グラム陰性桿菌による菌血症は、典型的には一過性菌血症の像を呈することが多く、適切な抗菌薬治療と感染源のコントロール開始後には急速に消失することが一般的である[1]。しかしXXグラム陰性桿菌のCitrobacter spp.が血液培養から1週間以上検出されていた。このような状態の時、どのような原因を考えるべきか疑問に思い、上記のテーマとした。
一般に、持続菌血症(persistent bacteremia)は菌が間断なく流血中を循環している病態であり、感染性心内膜炎に代表される。血管グラフト感染、感染性動脈瘤、化膿性血栓症でも持続的菌血症を示すことがある[2]。感染性心内膜炎による菌血症は、グラム陽性球菌(特に黄色ブドウ球菌)によるものが81.5%を占めるが、HACEK(ヘモフィルス・パラフロフィルス、アクチノバチルス・アクチノミセテムコミタンス、カーディオバクテリウム・ホミニス、エイケネラ・コロデンス、キンゲラ・キンゲ)と呼ばれるグラム陰性菌による感染性心内膜炎も少数ながら見られる[3]。また血管グラフト感染についてもブドウ球菌によるものが約80%を占めるものの、グラム陰性桿菌(主に大腸菌、緑膿菌、クレブシエラ属)による血管グラフト感染も報告されている[4]。またグラム陰性菌特有の持続菌血症としては、ブルセラ症や腸チフスなどの全身性の細菌感染2、エンテロバクターが知られている[5]。
グラム陰性桿菌による持続菌血症のリスクファクターについて、私が調べた範疇では、該当する症例が8例と少なすぎるために十分な解析できなかった1という報告があったのみであった。また20人のグラム陰性桿菌の持続菌血症患者を観察した研究では、消化管由来の腹腔内膿瘍(8人)、腎由来の膿瘍(4人)、血管内感染(3~5人)、肺膿瘍(2人)、汚染された輸液(1人)、感染した切断端(1人)が原因であったという報告があるが[6]、この論文は1973年に出版されており、現状の医療状況を反映しているとはいいがたい。したがって、グラム陰性桿菌の持続菌血症の時に疑うべき原因について、感染性心内膜炎や血管グラフト感染、感染性動脈瘤、化膿性血栓症、膿瘍などがあげられるものの、その原因別の頻度はわからなかった。
[1] Christina N Canzoneri, et. al., Follow-up Blood Cultures in Gram-Negative Bacteremia: Are They Needed? Clin Infect Dis. 2017; 65, 11, S1776–1779
[2] Seifert H : The clinical importance of microbiological findings in the diagnosis and management of blood stream infections.

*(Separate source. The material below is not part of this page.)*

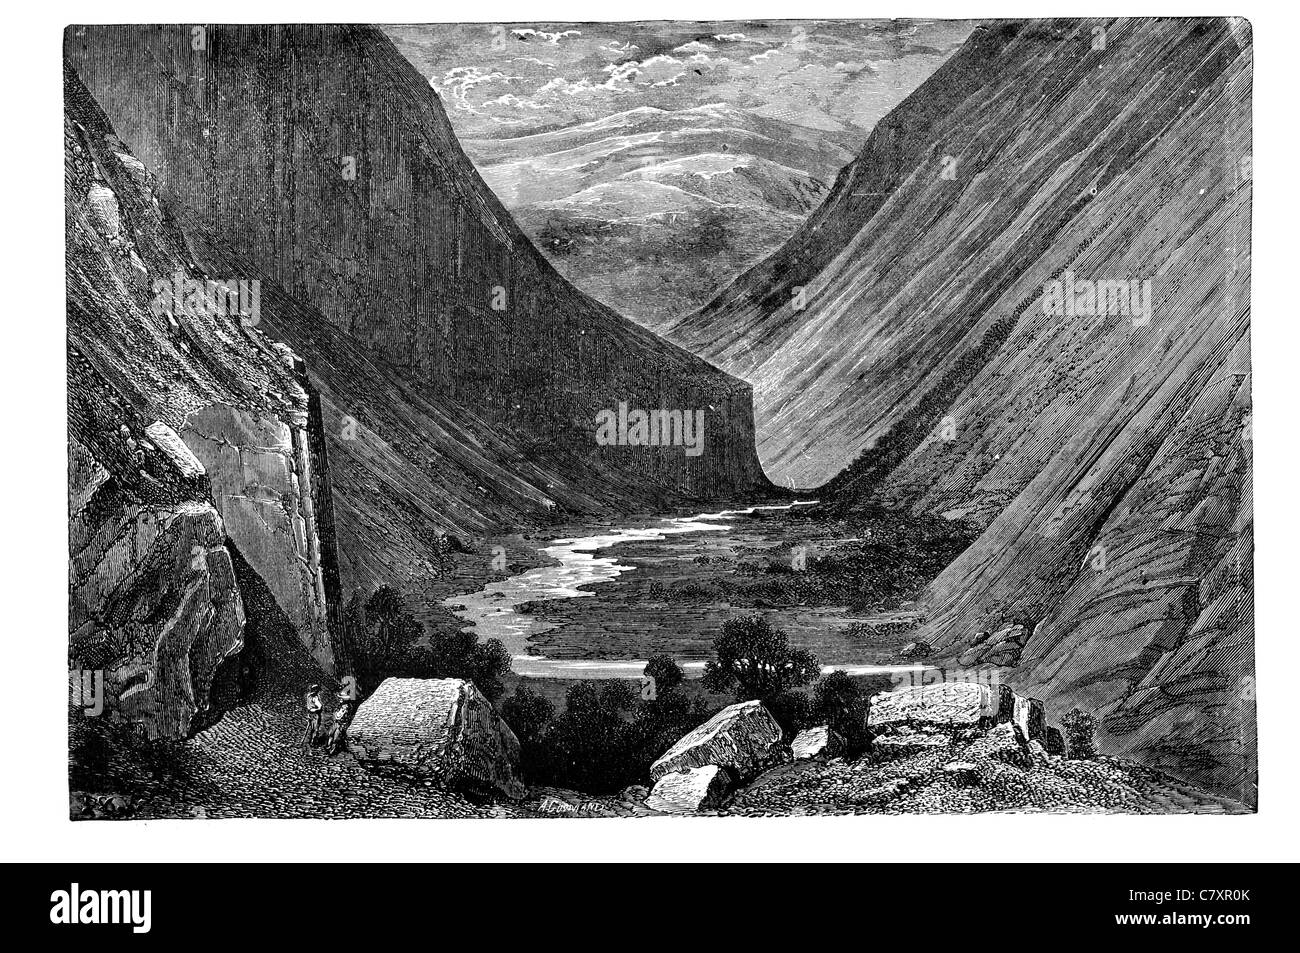 Heimdal superiore Valle Norvegia paesaggio geologia studio geologico formazione di roccia geografia scogliere cliff gola del fiume natura del flusso Foto Stock

Clin Infect Dis. 2009 ; 48 : S238-245
[3] Murdoch DR, et. al., Clinical presentation, etiology, and outcome of infective endocarditis in the 21st century: The International Collaboration on Endocarditis-Prospective Cohort Study. Arch Intern Med. 2009 Mar 9;169(5):463-73.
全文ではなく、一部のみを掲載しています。